In fact, Phillips Brooks, whom we remember today, lived during an age when Episcopalians were going after one another in factions on the side of so-called “orthodoxy” vs. the side of so-called broad church liberal Protestantism, with which he is associated. They were doing this, frankly, to avoid addressing the issue of slavery.

Let me say that I am firmly on Team Brooks. In fact, Phillips Brooks, or at least a book of his sermons that someone gave me early in my time at seminary, is a big reason that I became an Episcopalian after my rather orderly Presbyterian childhood. Phillips Brooks was not particularly keen on the church fight of his time. In fact, in his “History of the Episcopal Church,” Deputy Robert Pritchard tells us that in the fall of 1856, Brooks and other Northern students threatened to drop out of VTS unless the school guaranteed protection for students who spoke against slavery.

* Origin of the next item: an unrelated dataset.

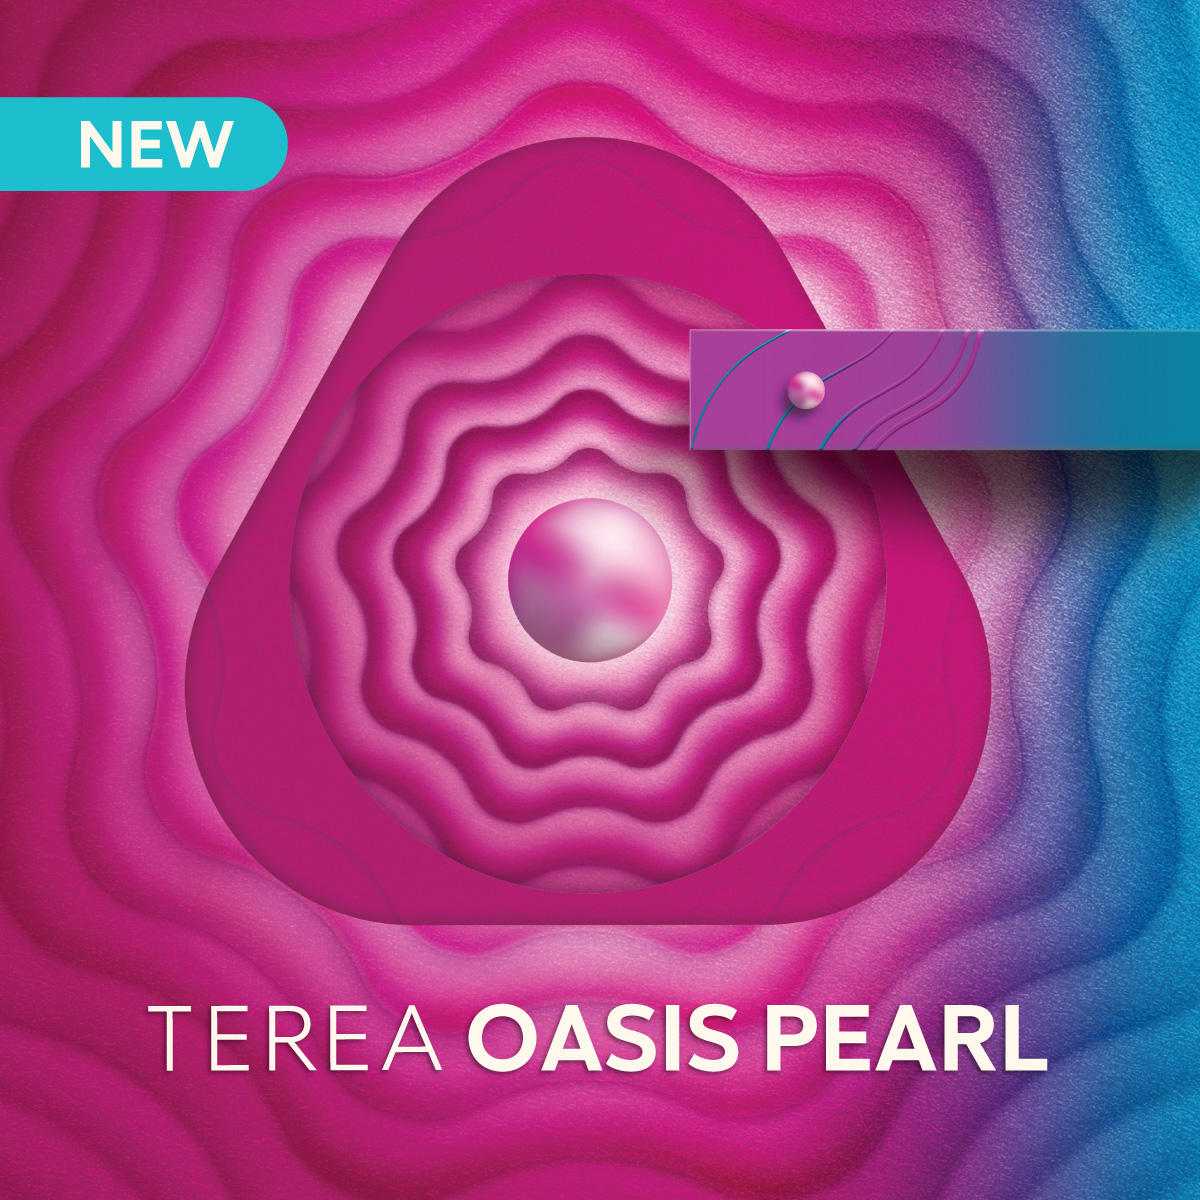 ready to boost your flavor with Terea Oasis Pearl
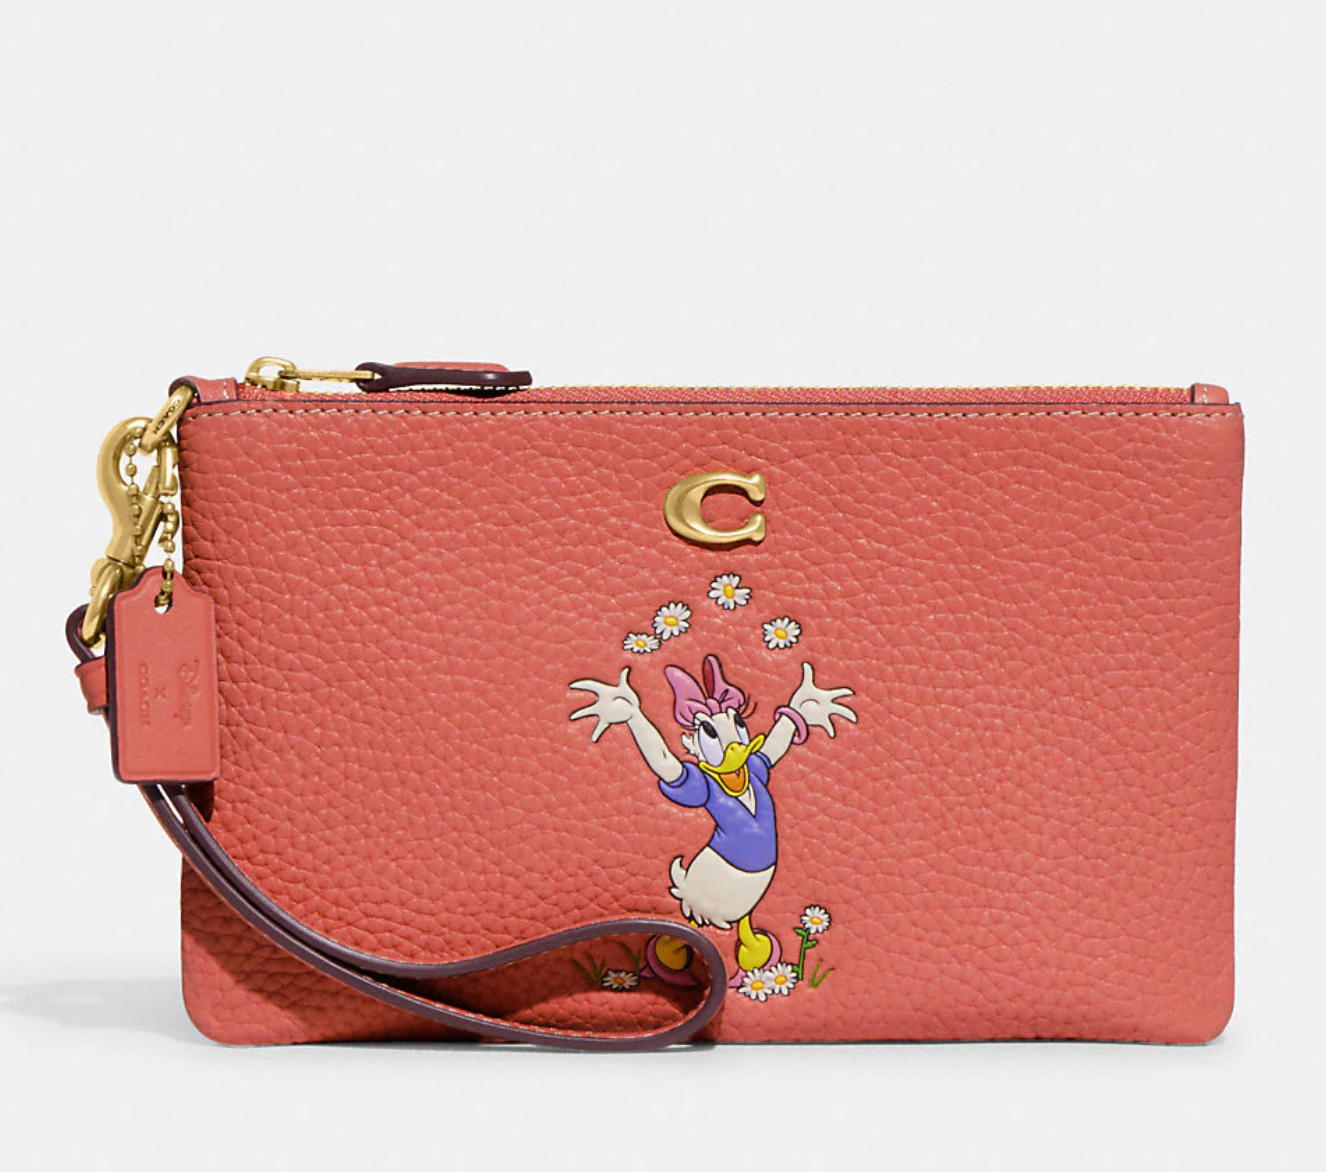 Coach and Disney collaborating again on collection line: See the

Brooks was among the best-known and accomplished preachers of his day, and he was one of the lead organizers of the Church Congress movement, which in the late 19th and early 20th century, organized a series of meetings for church leaders from many denominations—black and white, male and, after 1911, female—to consider the church’s approach to the issues of the day. Deputy Prichard reports that Brooks and other Congress leaders believed that these meetings could “instill in their church a broad tolerance for diversity of thought.”

In Brooks’ age and in our age and all the other ages, we Episcopalians have trouble remembering that we are branches. The way we answer God’s call will look different. We will practice our discipleship in many ways, and some of those ways will undoubtedly make some of us uncomfortable or angry. We’ll probably be tempted to argue over where to put the altar and what vestments to wear to church, and we’ll call each other heretics and police each other’s liturgies and sermons and websites and social media accounts. We will long for conformity and uniformity, and we will try to plant kudzu, the miracle vine that will save the church by wiping out everything else. But through all of this, we will remain firmly connected to the one vine and we will “branch out.” And we will bear fruit.

We’re stuck to one another, friends. And we’re stuck with one another. We live in the same hope and we are called to keep God’s commandments and abide in God’s love. We are bound to love one another as Jesus has loved us.

To God, who is able to accomplish abundantly far more than all we can ask or imagine, be glory in the church. Amen.